Ultimately, the choice of test design technique should be based on a careful analysis of the project requirements, system characteristics, available resources, and testing objectives. It’s important to assess the trade-offs and select the technique that best aligns with the testing goals and constraints of the specific project.
What are test design tools?
Now that we have familiarized ourselves with test design and the techniques available for doing it, let us go a step further and take a look at what a tool meant for test designing does. A test design tool allows for the creation of a test design. Some tools support just a single technique like Equivalence Partitioning, some might support multiple techniques. These tools may offer test design support through templates or wizards to create test designs. Other features included might be test case creation and organization, test data generation, traceability and linkage with requirements, collaboration and sharing to facilitate teamwork, reporting and documentation, and integration with test execution or automation tools. These tools are beneficial for both manual and automated testing, as they help testers design effective test cases regardless of the testing approach used.

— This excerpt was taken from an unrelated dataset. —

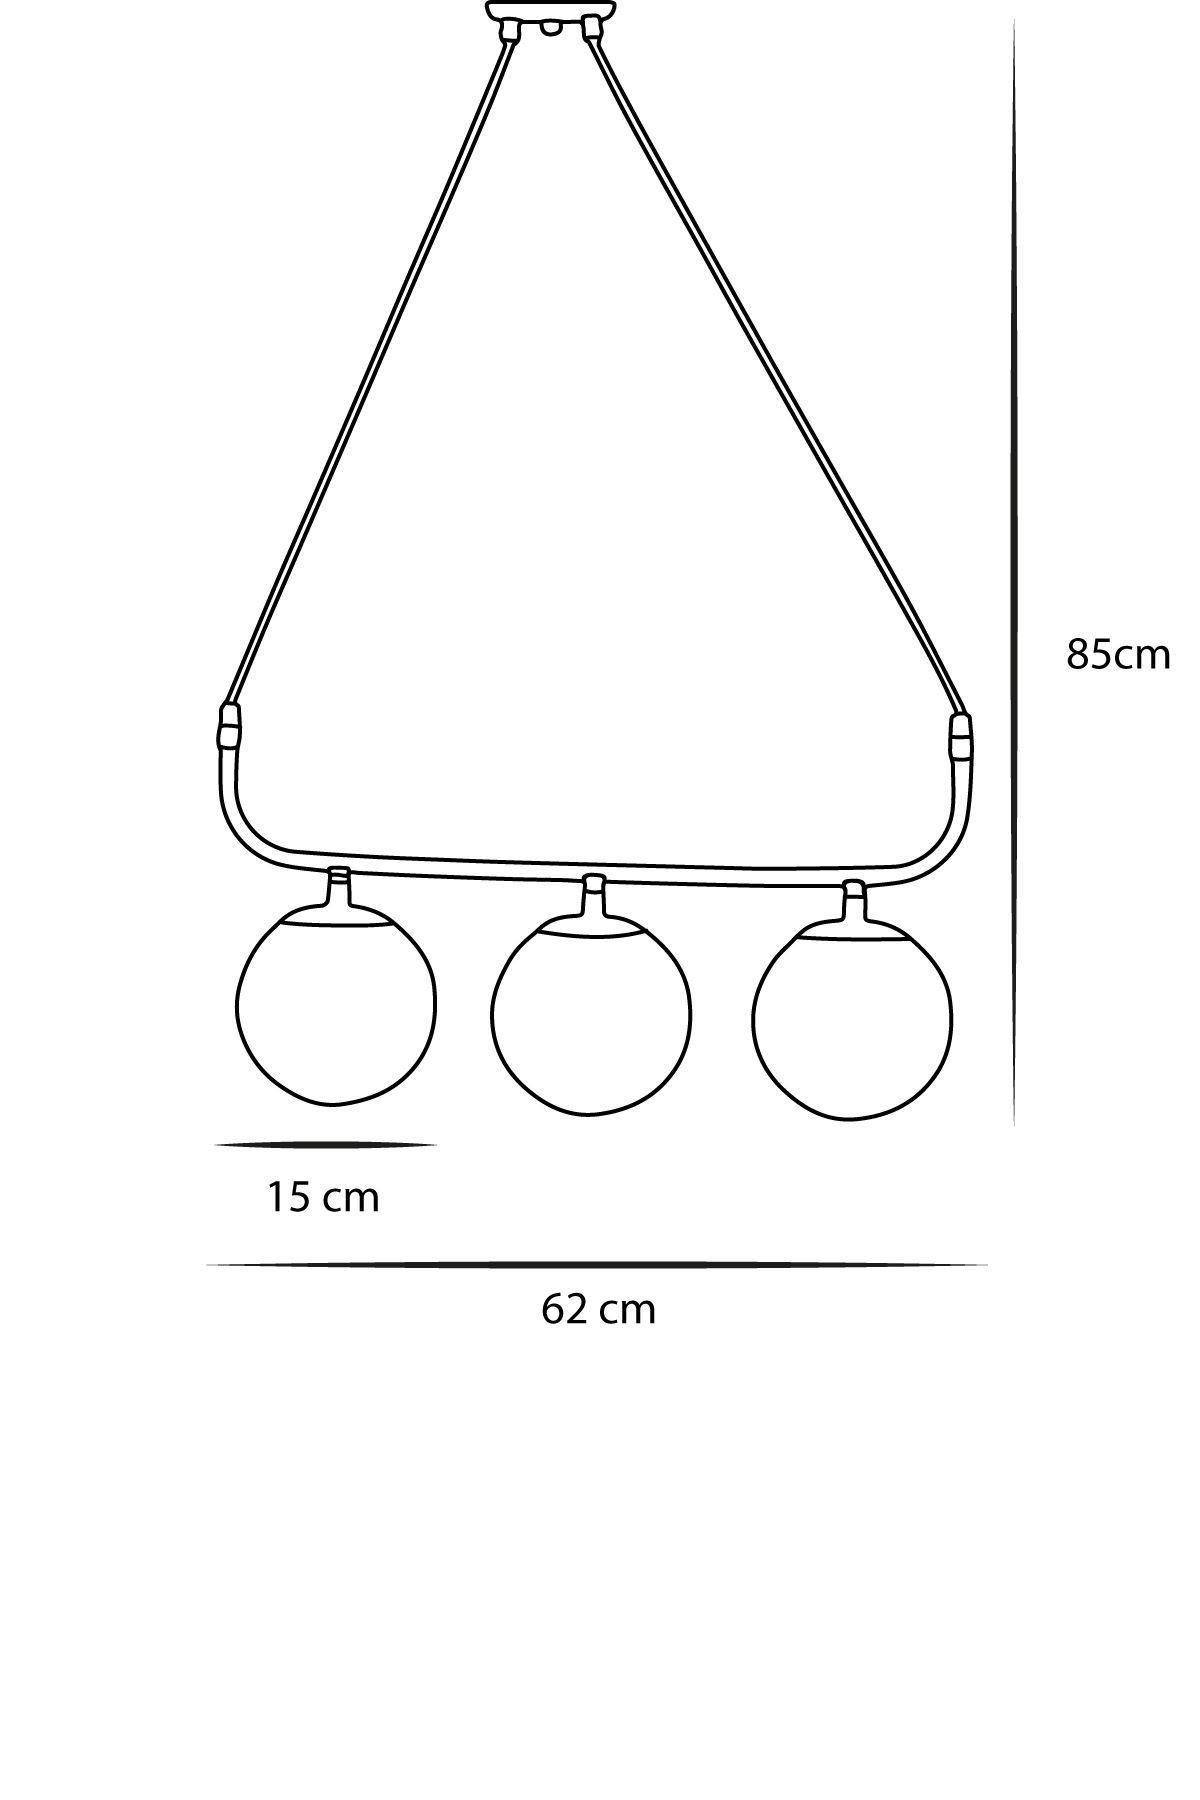 Delta 3 Lü Krom Metal Gövde Füme Camlı Tasarım Lüx Avize

Test automation tools to supplement test design tools
Once the test design is ready, the creation of test cases should ideally be straightforward. To truly simplify this process, it’s important to choose an automation tool that is user-friendly. Ultimately, the goal is to make your testing process as efficient as possible. Therefore, using a powerful automation tool like testRigor can help your testers accomplish their tasks quickly. testRigor is an AI-powered, cloud-based tool that can assist your team in several ways:
- It simplifies the writing of test cases by allowing you to use plain English statements. For instance, if you wish to verify something on a page, you can phrase it as ‘Check that the page contains “Hello Mike!”’
- Locating UI elements is easy. All you need to do is describe its relative location. For example, if the login button is present below certain text and in the center of the page, you can state it as ‘Click “Login” below “See you on the other side” to the left of “Don’t miss this opportunity”’
- With testRigor, you can generate test data quickly. Take a look at this video to understand how it works.
- You have the ability to organize your test cases in test suites and execute them across different devices. testRigor also supports web, mobile, and desktop testing.
- Visual testing is also straightforward, along with testing scenarios involving emails, login, phone calls, SMS messages, and 2-factor authentication.
- testRigor allows the creation of reusable rules in plain English, which can be applied across the entire test suite. For instance, if there’s a form-filling step common to multiple test cases, you can write a reusable rule for it.
This is just the tip of the iceberg. testRigor has a lot more to offer.
Effective test design is crucial for achieving comprehensive testing and improving the chances of identifying defects before the application is deployed. It focuses on what conditions should be tested, what approach will be adopted for identifying the scenarios to test, whether any test data needs to be considered, and what kind of details will be added to the test case. Using the right test design technique for your project will help your testers with optimized manual as well as automated testing.